Коммунисты хотели не допустить их, да уж куда тут было — народу, может быть, тысячи сошлись! А комсомольцев целых два дня из воды баграми вылавливали, пять возов тел наклали и увезли. Ряженые все были — кто Саваофа изображал, кто патриарха, кто Богородицу и жандармов пьяных… воистину свиньи тивериадские!..

Вот и рассудите — сон то был, или еще что? А я резюме вывел такое — не понимаем мы, а в смешном-то часто святое таится! — Он замолчал и задумался.

* * *

Из-под края мрачных облаков блеснул алый шар заходившего солнца; нежданно наступил час Страшного Суда: — и земля и небо вдруг вспыхнули в стихийном всеобщем пожаре. Низко висевшее небо превратилось в изрытый свод чудовищной раскаленной пещеры: с него струями хлынуло расплавленное золото; весь воздух заполнился путаницей из бесчисленных нитей — хлопьями повалил снег.

Зрелище было необычайное и недолгое; пурпур и багрец стали бледнеть, зажелтели и залиловели просветы, снегопад прекратился; первой погасла, отодвинула дали и захолодела земля; снежная пелена на ней сделалась розовой, потом посинела. Последними померкли кресты церковки.

Я хотел спросить своего соседа о дальнейшей судьбе дьячка Ермилыча и оглянулся, но его уже не было: грузная фигура философа мерно шагала по завечеревшему белому пустырю к слободке.

Рига, 1927

Кресло Торквемады

Я каждое воскресенье встречался с Мошинским на Подоле, в Киеве.

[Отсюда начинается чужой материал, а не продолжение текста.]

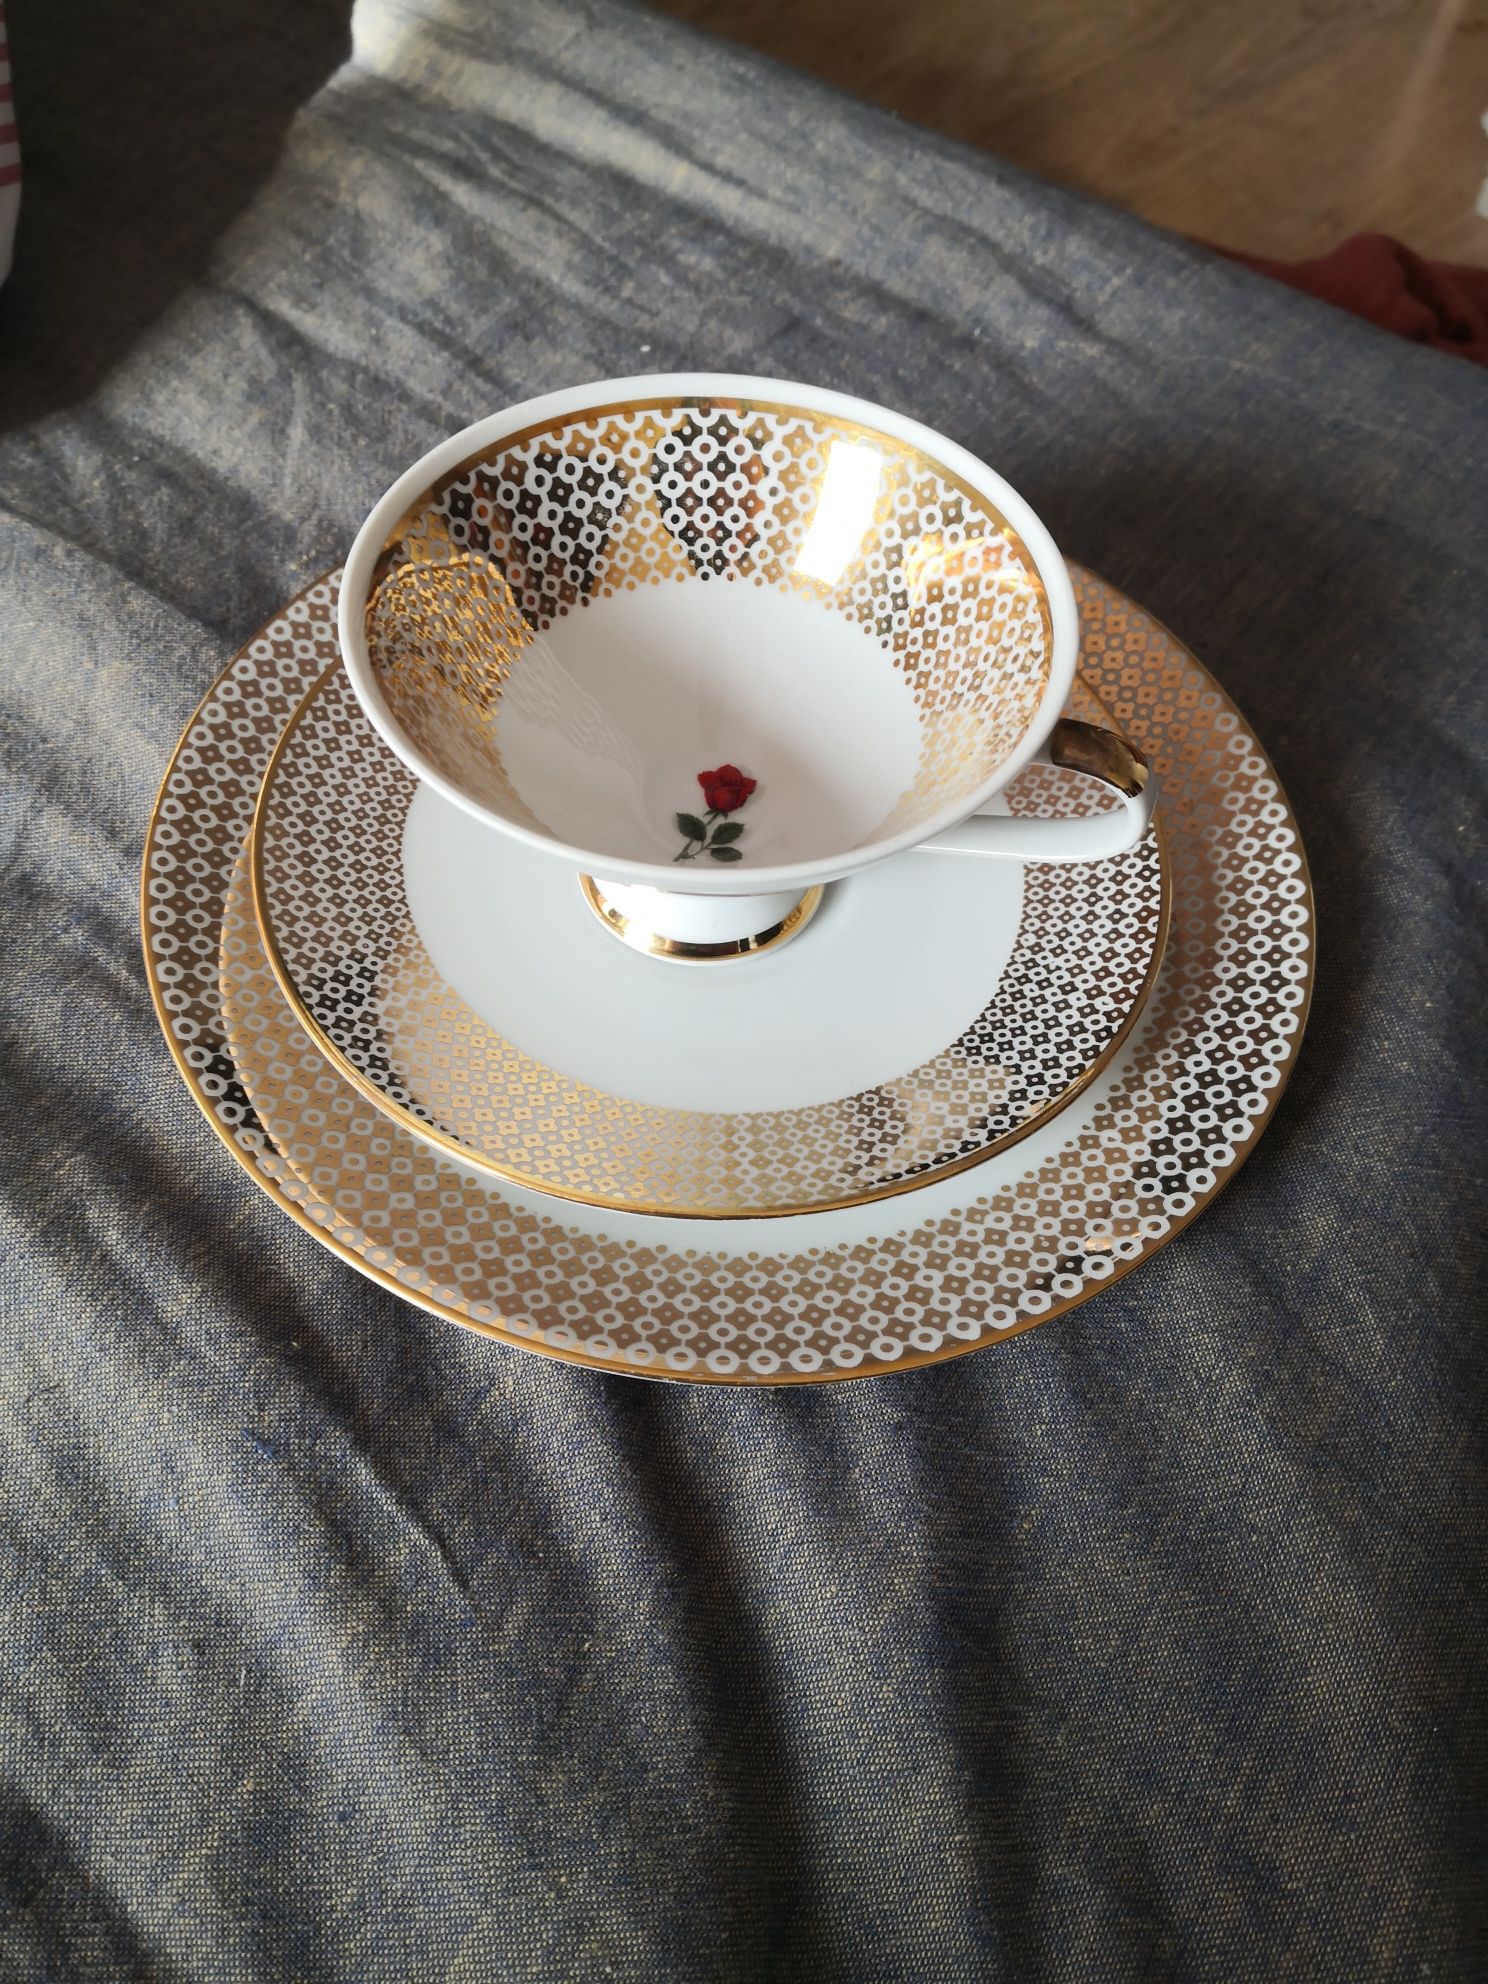 Kolekcjonerska porcelana mitterteich filiżanka dwa talerze zestaw kawo

По этим дням обширная площадь около Братского монастыря и проулок, ведущий к Днепру, превращались в шумную ярмарку, где за треть цены можно было приобрести все, что угодно; ближе к тротуарам теснились ряды столиков и брезентов, разостланных прямо на земле; на них грудами лежали книги, рукописи и всякие старинные вещи; публика вокруг них толпилась своя, особенная, «серьезная».